Withdrawal of international aid from Afghanistan disproportionately harms women and girls: NGO

The Taliban restricted women's rights further at the end of 2022.

February 23, 2023, 4:24 PM

Many aid organizations withdrew their funding to Afghanistan after the Taliban implemented several regressive policies on Afghan women's human rights in the final months of 2022. But the withdrawal of international aid from the country stands to harm the most vulnerable part of Afghanistan's population: women and girls, a new report from the International Crisis Group, a nongovernmental organization, says.

The Taliban restricted women's rights further at the end of 2022 by limiting women and girls' access to education and banning women from working at NGOs, the report said.

Women walk along a path in the Argo district of Badakhshan province, Afghanistan, on Feb. 22, 2023.
Omer Abrar/AFP via Getty Images

After the ban was announced, G7 donors, which provided most of the $3 billion in humanitarian funding for Afghanistan in 2022, threatened "unspecified future consequences" according to the new report.

The reaction of global leaders to the Taliban's policies disrupted the world's largest aid operation, as half of Afghanistan's population currently suffers from acute hunger.

About 11.6 million women and girls were impacted by reductions in aid. Drastic aid cuts would most likely impact women and girls who often receive the smallest share of food in Afghan families. Women and girls are considered to be most vulnerable to malnutrition and disease, the report said.

On Dec. 24, 2022, the nation's Ministry of Economy banned Afghan women from working for national and international NGOs in a widely circulated letter. Authorities clarified that the ban would not apply to women working in hospitals, clinics or other parts of the health sector, but for all other activities.

A woman carrying a child walks along a roadside in the Zhari district of Kandahar province, Afghanistan, on Feb. 15, 2023.
Sanaullah Seiam/AFP via Getty Images

The rule prevented tens of thousands of NGO staff from doing their jobs. Women account for about 30%of Afghan NGO workers in the country, the report said.

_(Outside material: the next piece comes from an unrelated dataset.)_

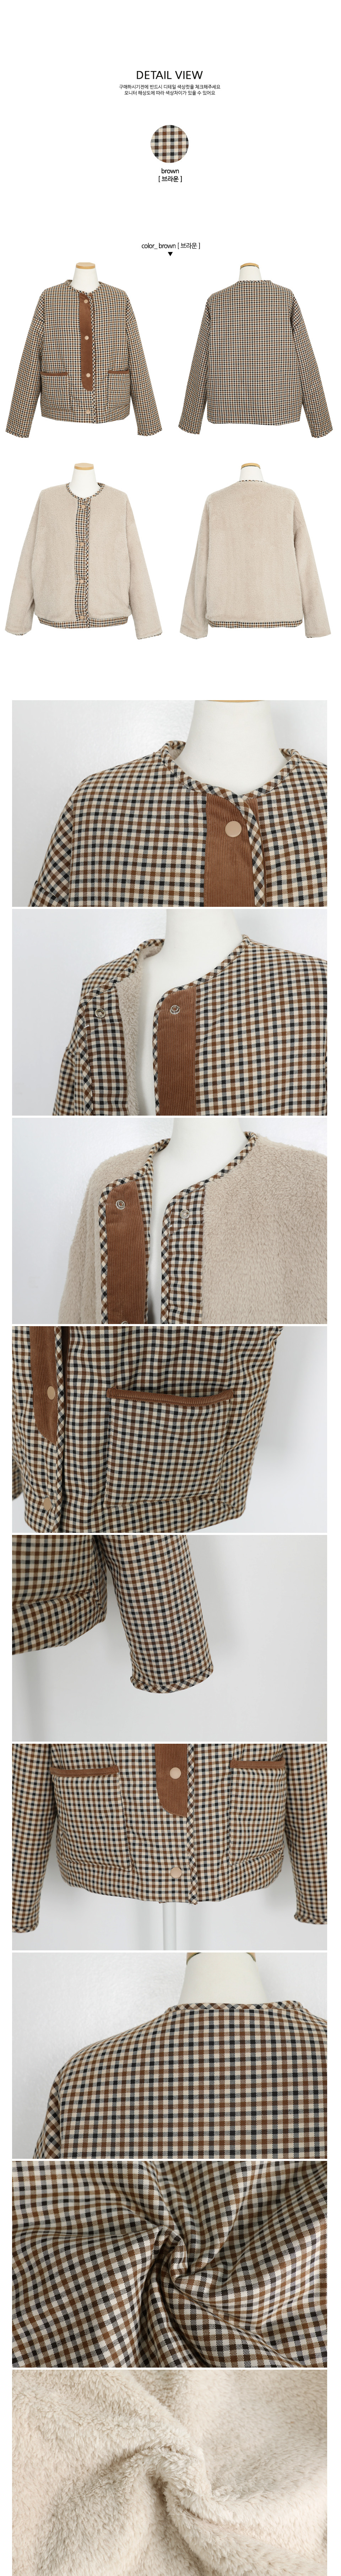 Cozy check reversible Jacket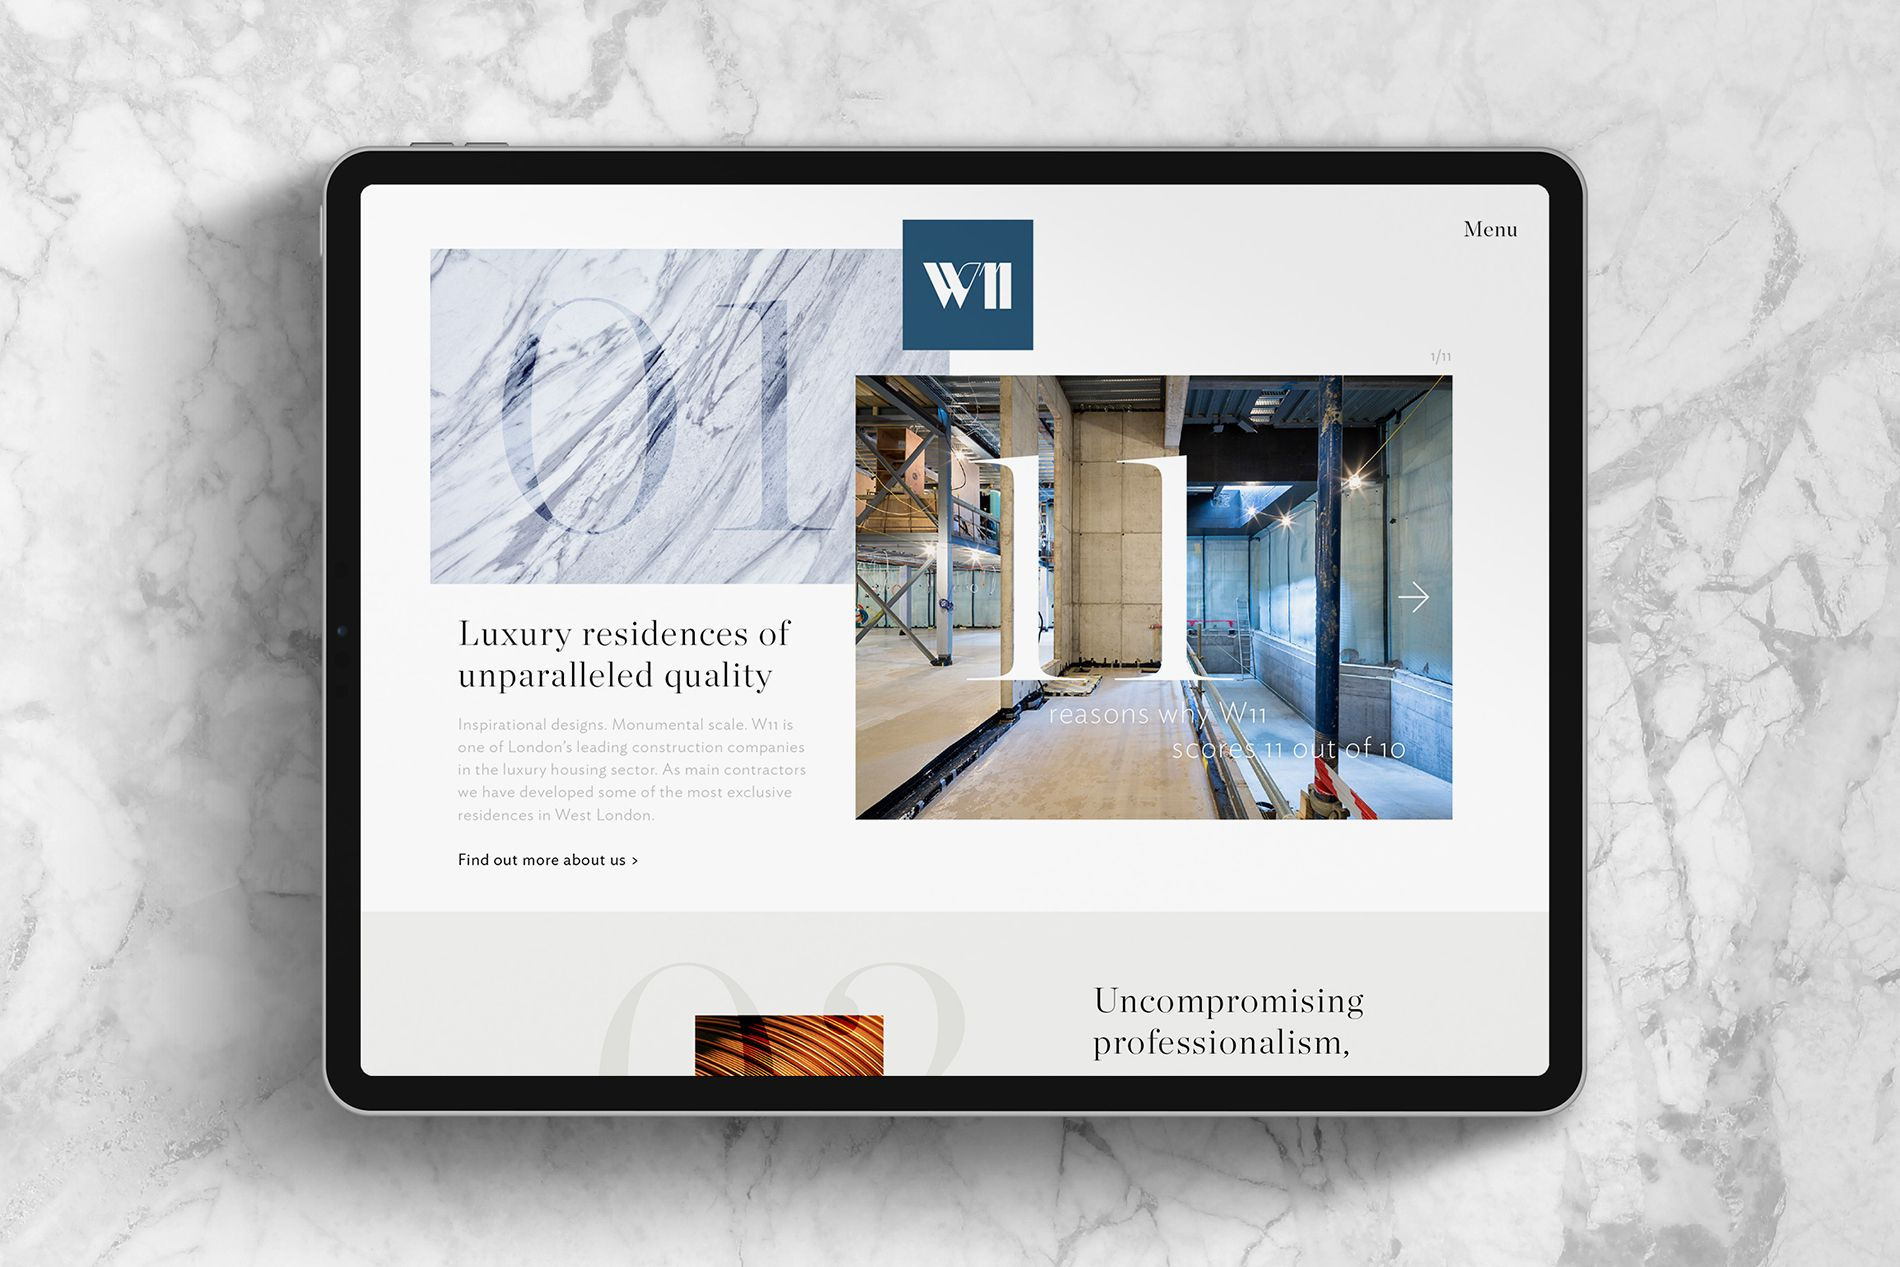 Luxury Digital Branding Agency in London

Some aid agencies chose to suspend operations in Afghanistan but continued to negotiate with the Taliban to get limited authorizations for their female workers, obtaining permission for them to resume work in health, nutrition, education and other programs. However, a large number of life-saving activities still remain officially illegal.

The Ministry of Higher Education issued a written order to public and private universities, suspending female education until further notice also in December 2022, the report said.

The report goes into detail about how the enforcement of education restrictions on women were implemented inside of Afghanistan, citing interviews conducted by members of the International Crisis Group working from inside the country.

A girl carries empty water containers on a snow-covered street in Kabul, Afghanistan, Jan. 26, 2023.
Ali Khara/Reuters, FILE

The Taliban stood at checkpoints set up around universities, confronting female students and teachers at campus gates. Male students were ushered inside of universities while women were told, at gunpoint, they could no longer attend. Students protested in several cities, but the Taliban dispersed them with water cannons, beatings and arrests, according to the report.

In January 2023, The Ministry of Education issued a statement stating that all schooling in grades one to six would be permitted. Later in the month, another statement said women are barred from private universities.

The Taliban also banned Afghan women and girls from accessing parks, gyms and bath houses, and reintroduced the public punishment of criminals, including floggings and executions, previous hallmarks of the regime's brutality, in November, a month before the education restrictions were implemented, the report stated.